Today’s text is attributed to Jesus, but Biblical scholars insist it actually represents the church’s reckoning with the destruction of the temple and the fall of Jerusalem some thirty years after Jesus’ death.  When tragedies strike and human history is plunged into darkness, what—or whom—can be trusted?  How do we make meaning out of the chaos?  What is the source of our courage?  A reading from the good news according to Luke, chapter 21, verses 25 through 36.

Listen for God’s Word, dear people of God…and fear not!    [LUKE 21:25-36]

Have you seen the Apple TV series called Shrinking?  It’s a comedy about a psychiatrist dealing with the sudden death of his wife (I know that may sound like a contradiction in terms).  The show manages to find humor in the ways he gets over-involved with his patients, rebuffs the helpful overtures of his concerned (and slightly quirky) neighbors and most poignantly, desperately seeks to help his grieving teenaged daughter.

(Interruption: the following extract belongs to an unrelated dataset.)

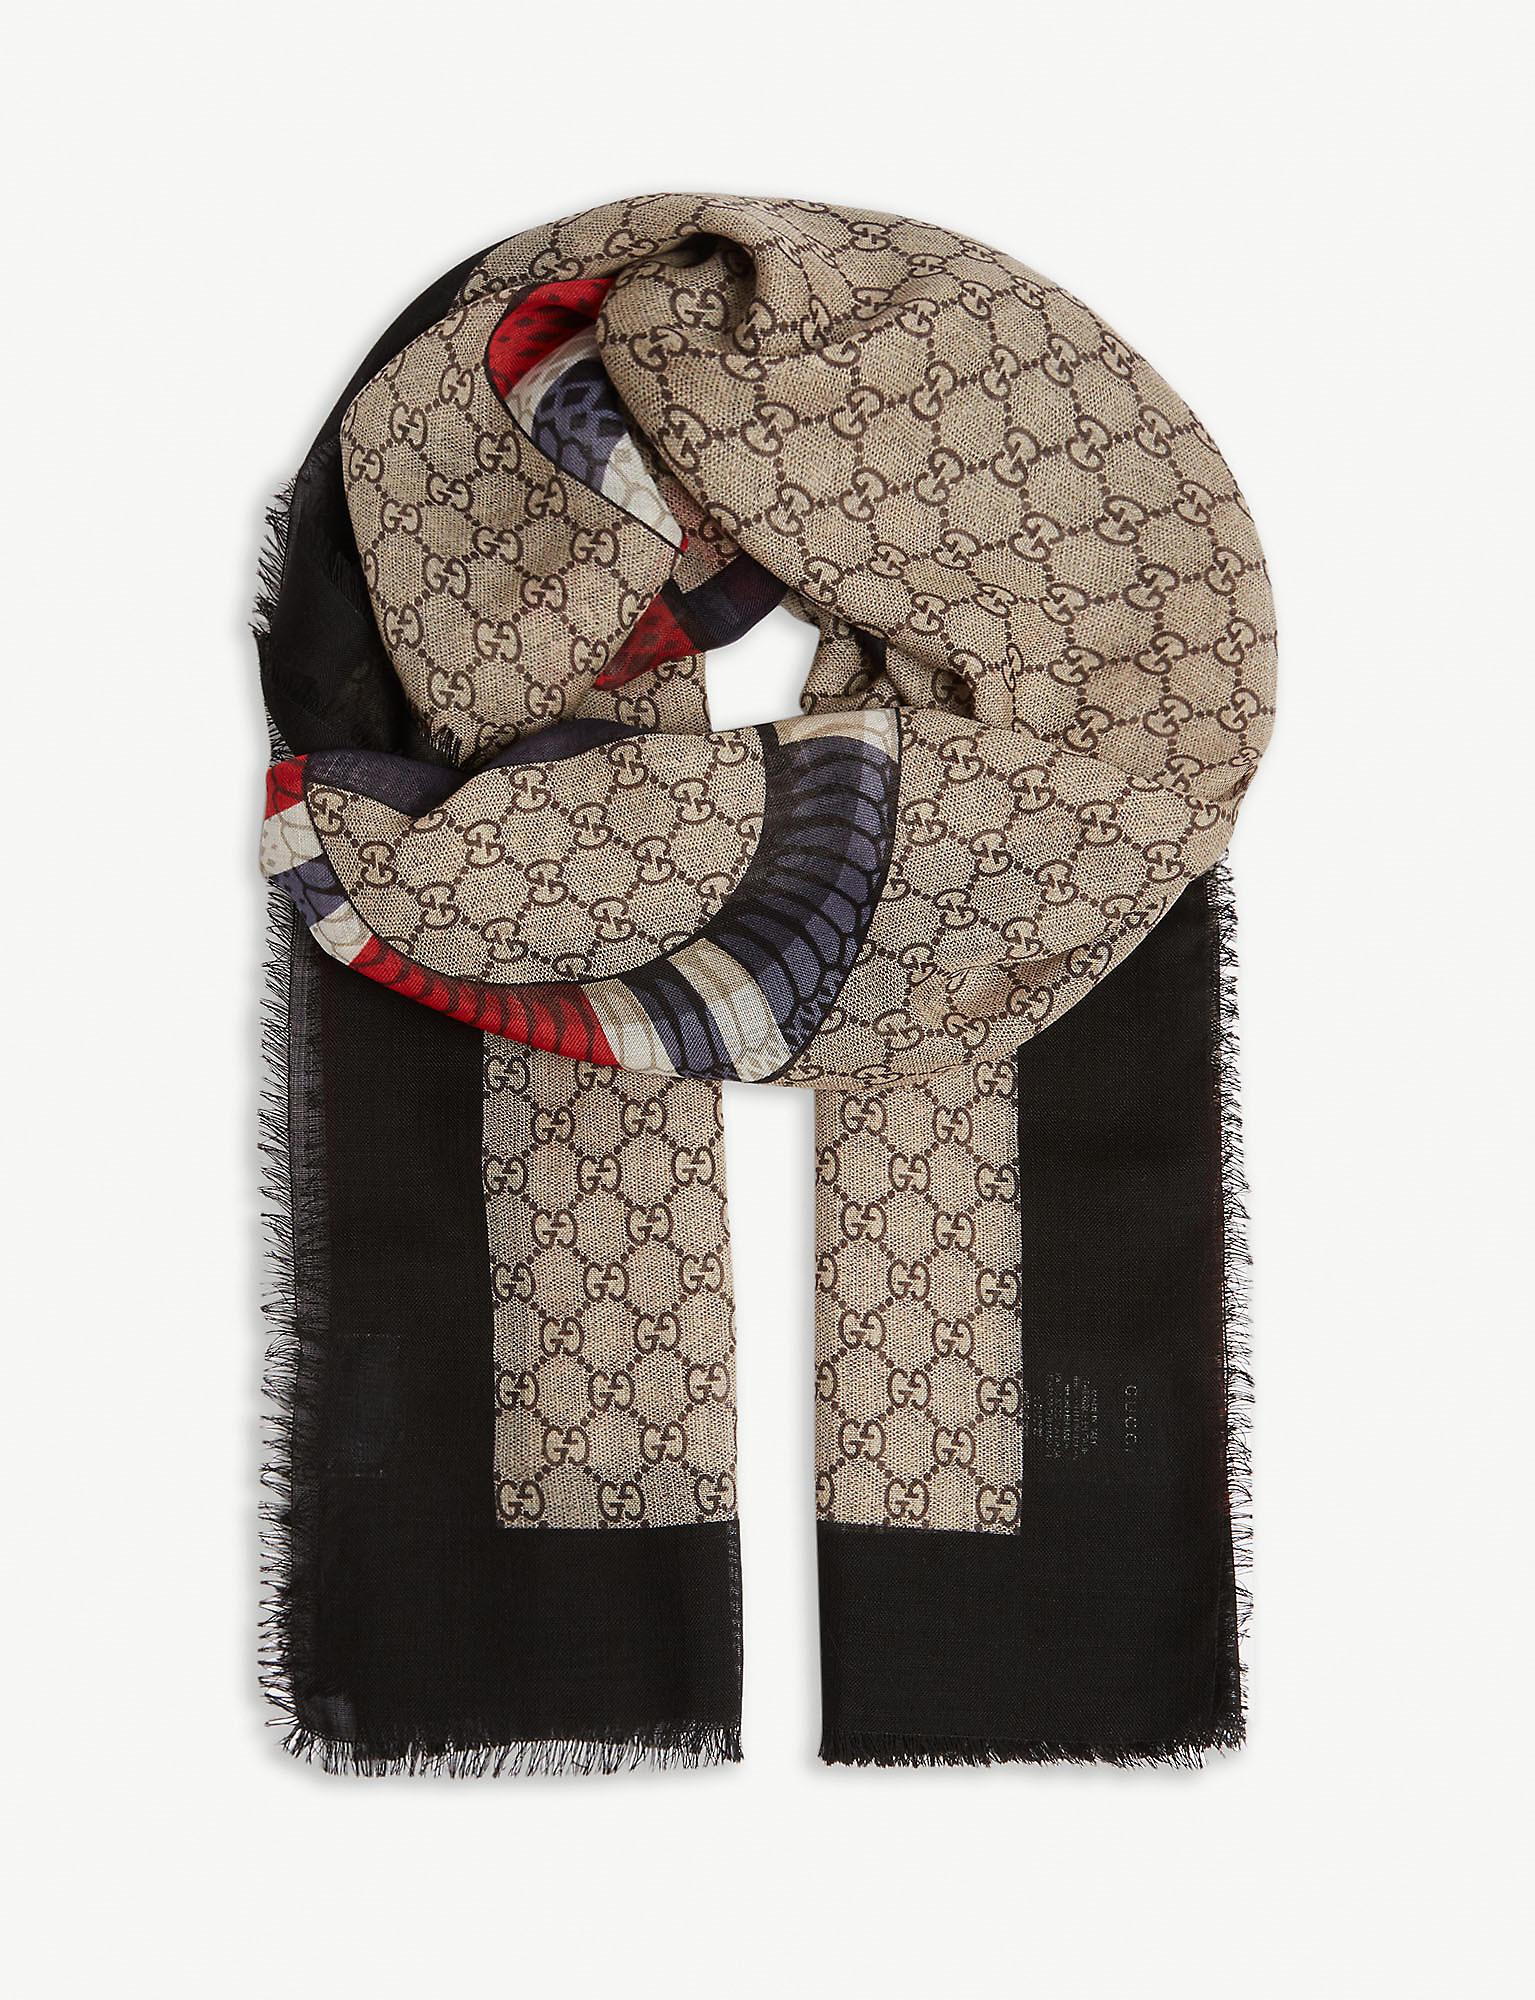 Gucci Wool Snake Print Scarf in Beige (Natural) for Men - Lyst

A supporting cast includes a sassy young therapist dealing with a painful divorce, and a still-hot Harrison Ford as the firm’s lead psychiatrist with crusty brusqueness masking his own regrets resulting in family dysfunction.  The title makes a verb out of the work of “shrinks,” and as a reminder that life’s brokenness makes us all shrink in fear and the only way to grow again is through relationship.

Why I’m mentioning it in the context of this sermon is because the show insists that love is demonstrated through focused attention. If you can’t “see” me, it’s impossible to help me.  If you are wrapped up in your own concerns, you can ignore mine.

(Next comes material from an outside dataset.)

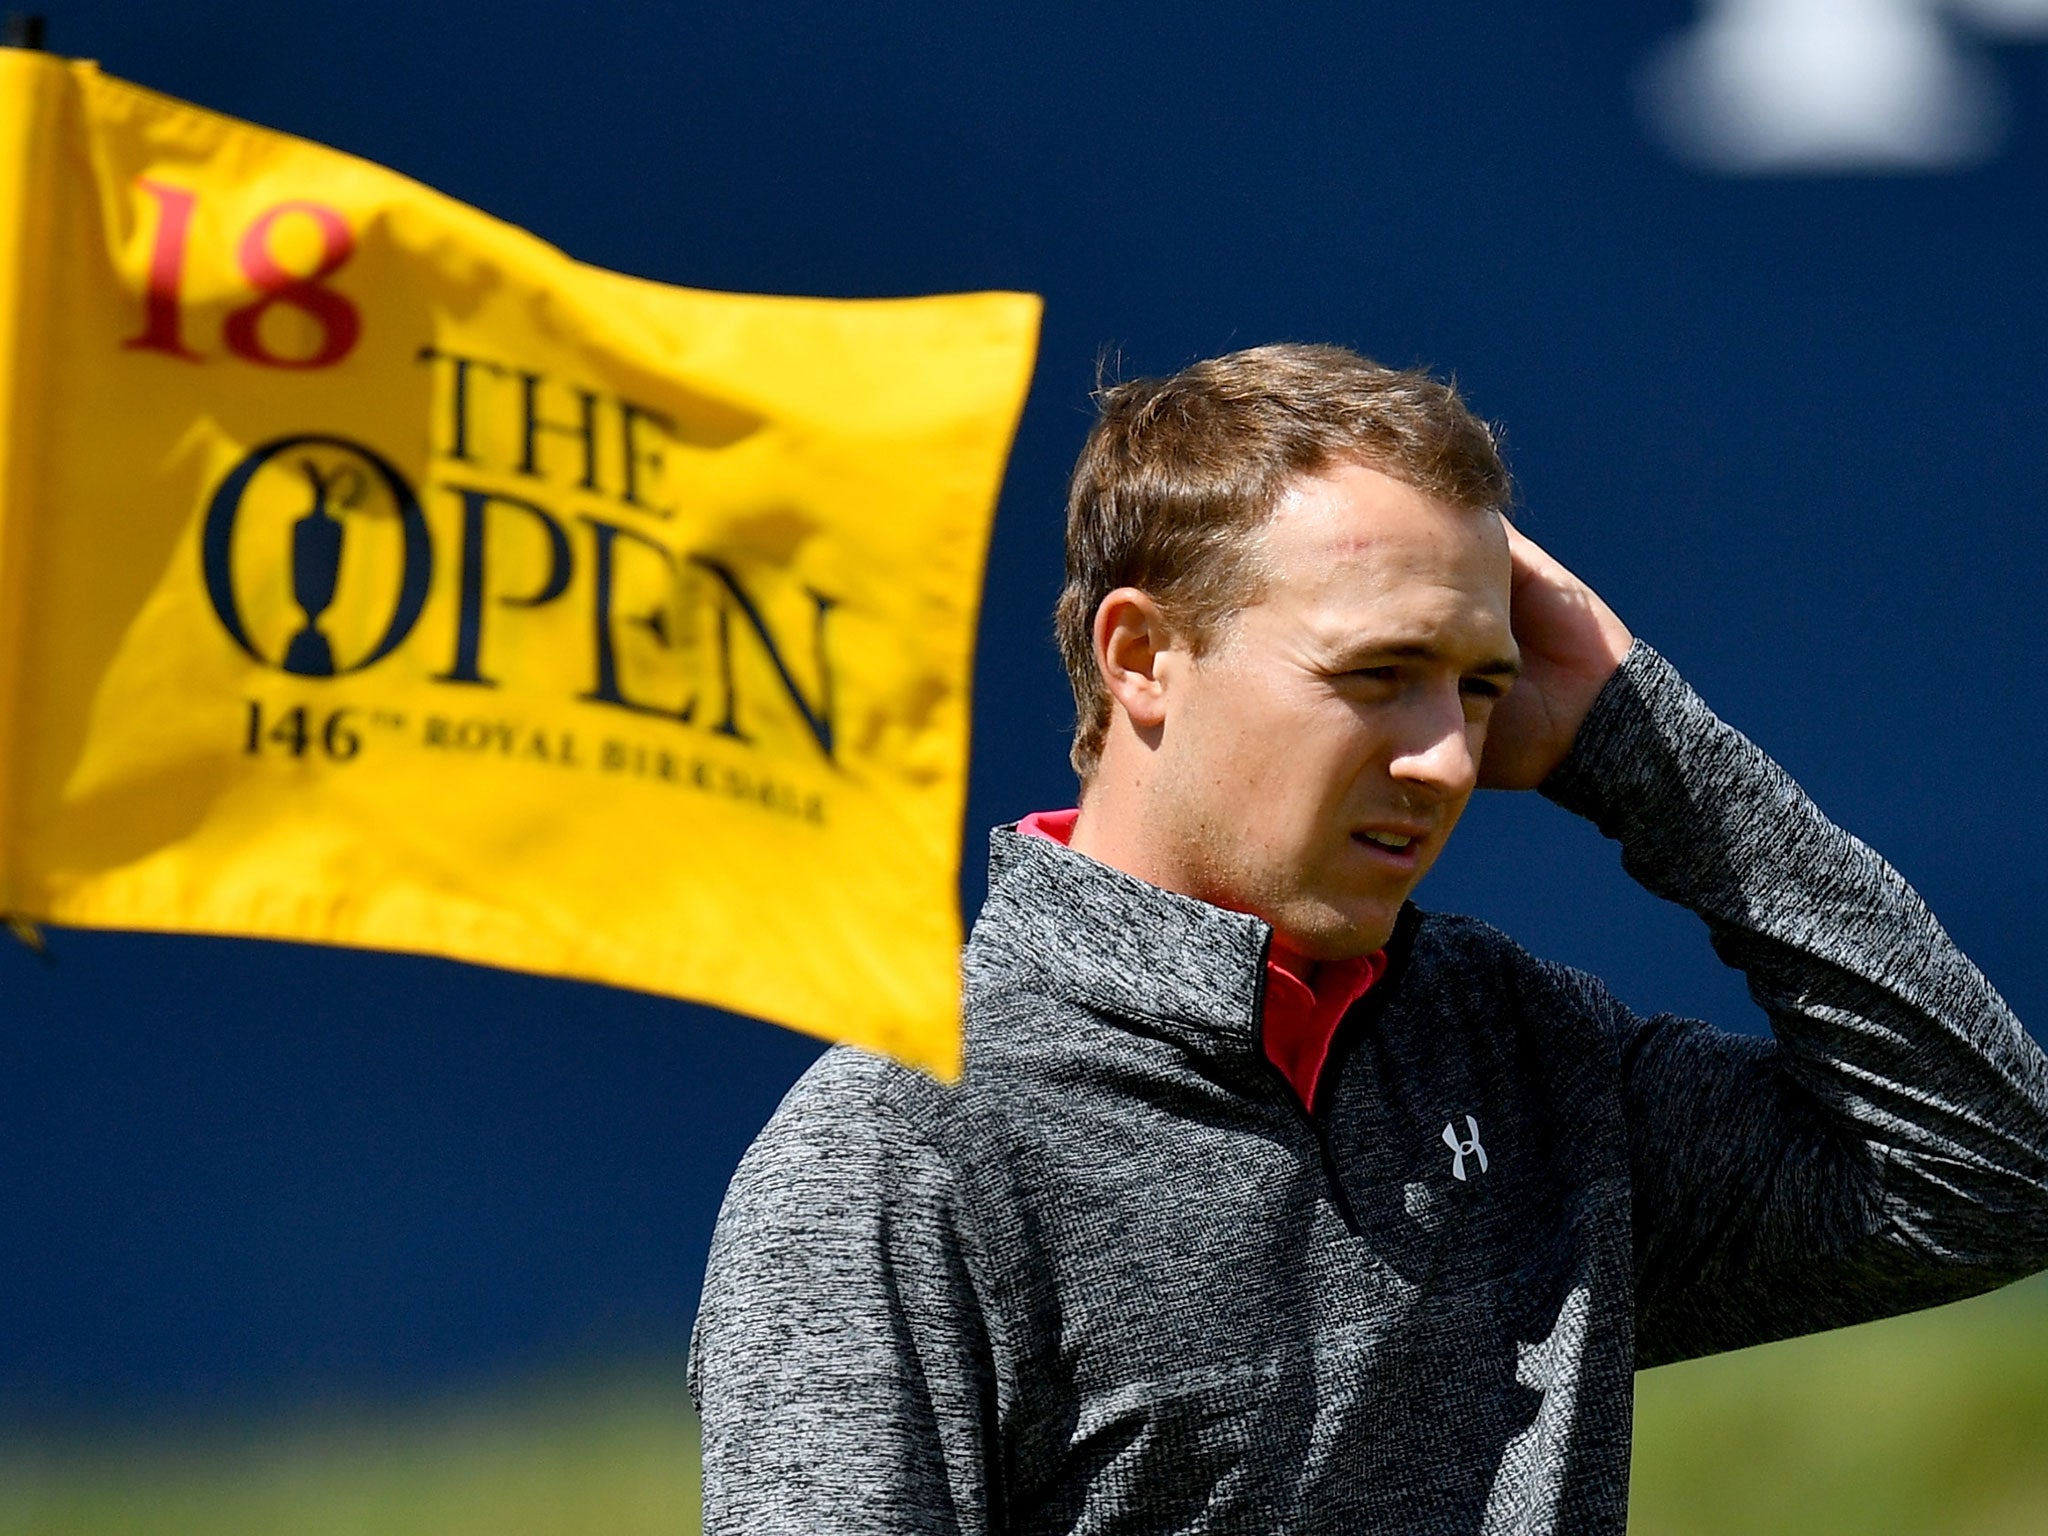 Jordan Spieth will be looking to maintain his form for the second round

And I think that’s the message of our text too.  “Be alert” …. “watch out”….. “stand up and raise your heads” suggest to me one way out of fear is to focus.  Look into the unknown not with eyes glued to present realities (the “worries of this life”),  but towards the fulfillment of God’s promised kin-dom that is nearer than we might imagine.  The descriptions are sufficiently chaotic to assure us that we will not escape all trouble and frailty.

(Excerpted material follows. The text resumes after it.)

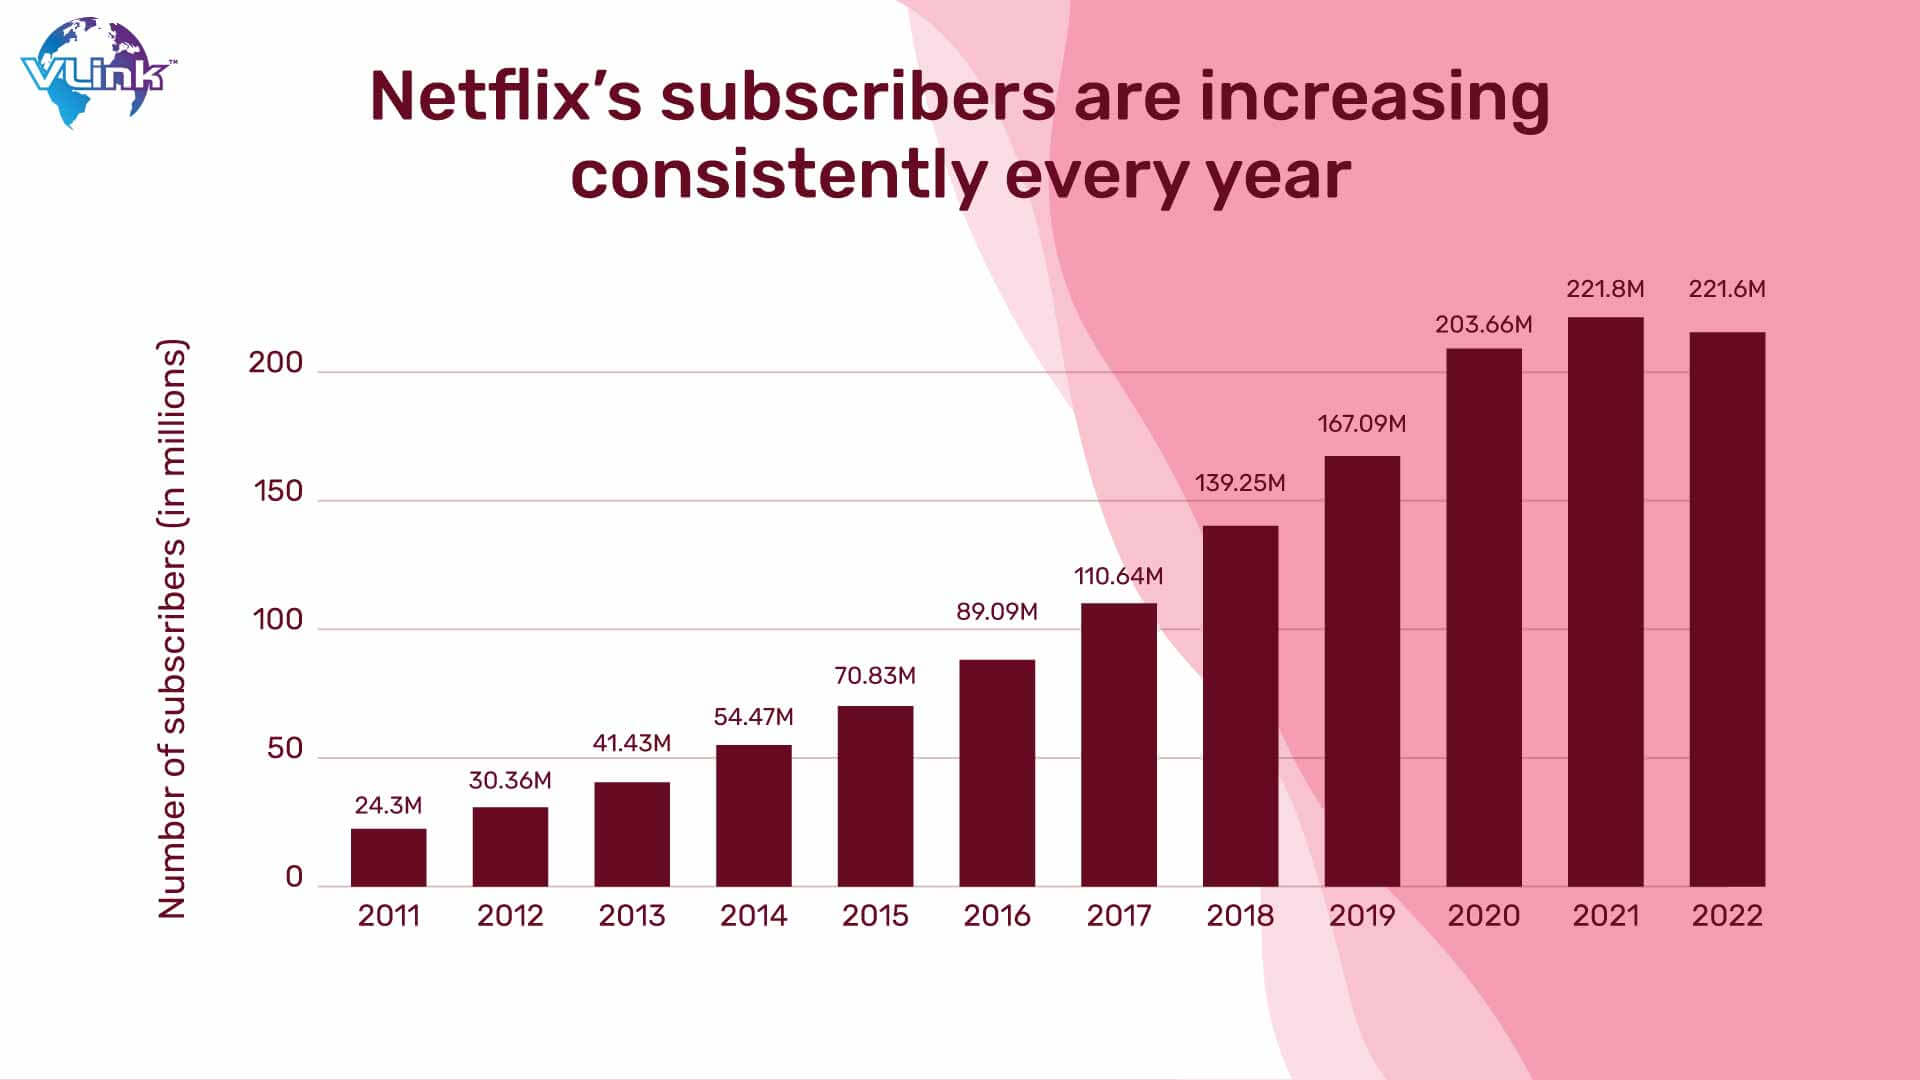 Netflix’s subscribers are increasing consistently every year

Instead it more than suggests God’s power is greater and will endure long after everything else passes away.  Keep focused on the One whose advent is near, in whose presence you will stand.

So let’s have some conversation about this.  I invite you to move into groups of 4 or 5 in your pew rows, and consider these interrelated questions:  How might “focus” allay our fears?  What distracts us from being able to focus?

What did you hear?  Feels like one challenge to “focus” is being or becoming distracted. We’re constantly bombarded with glittery memes and media and messages to pull us away from a peaceful and confident center. We’re trapped in a seemingly endless cycle of competition and control, and haunted by the fear that we’re not enough. We are drunk on the love of power.  We’re stuck to our phones.  We’re groomed for consumerism.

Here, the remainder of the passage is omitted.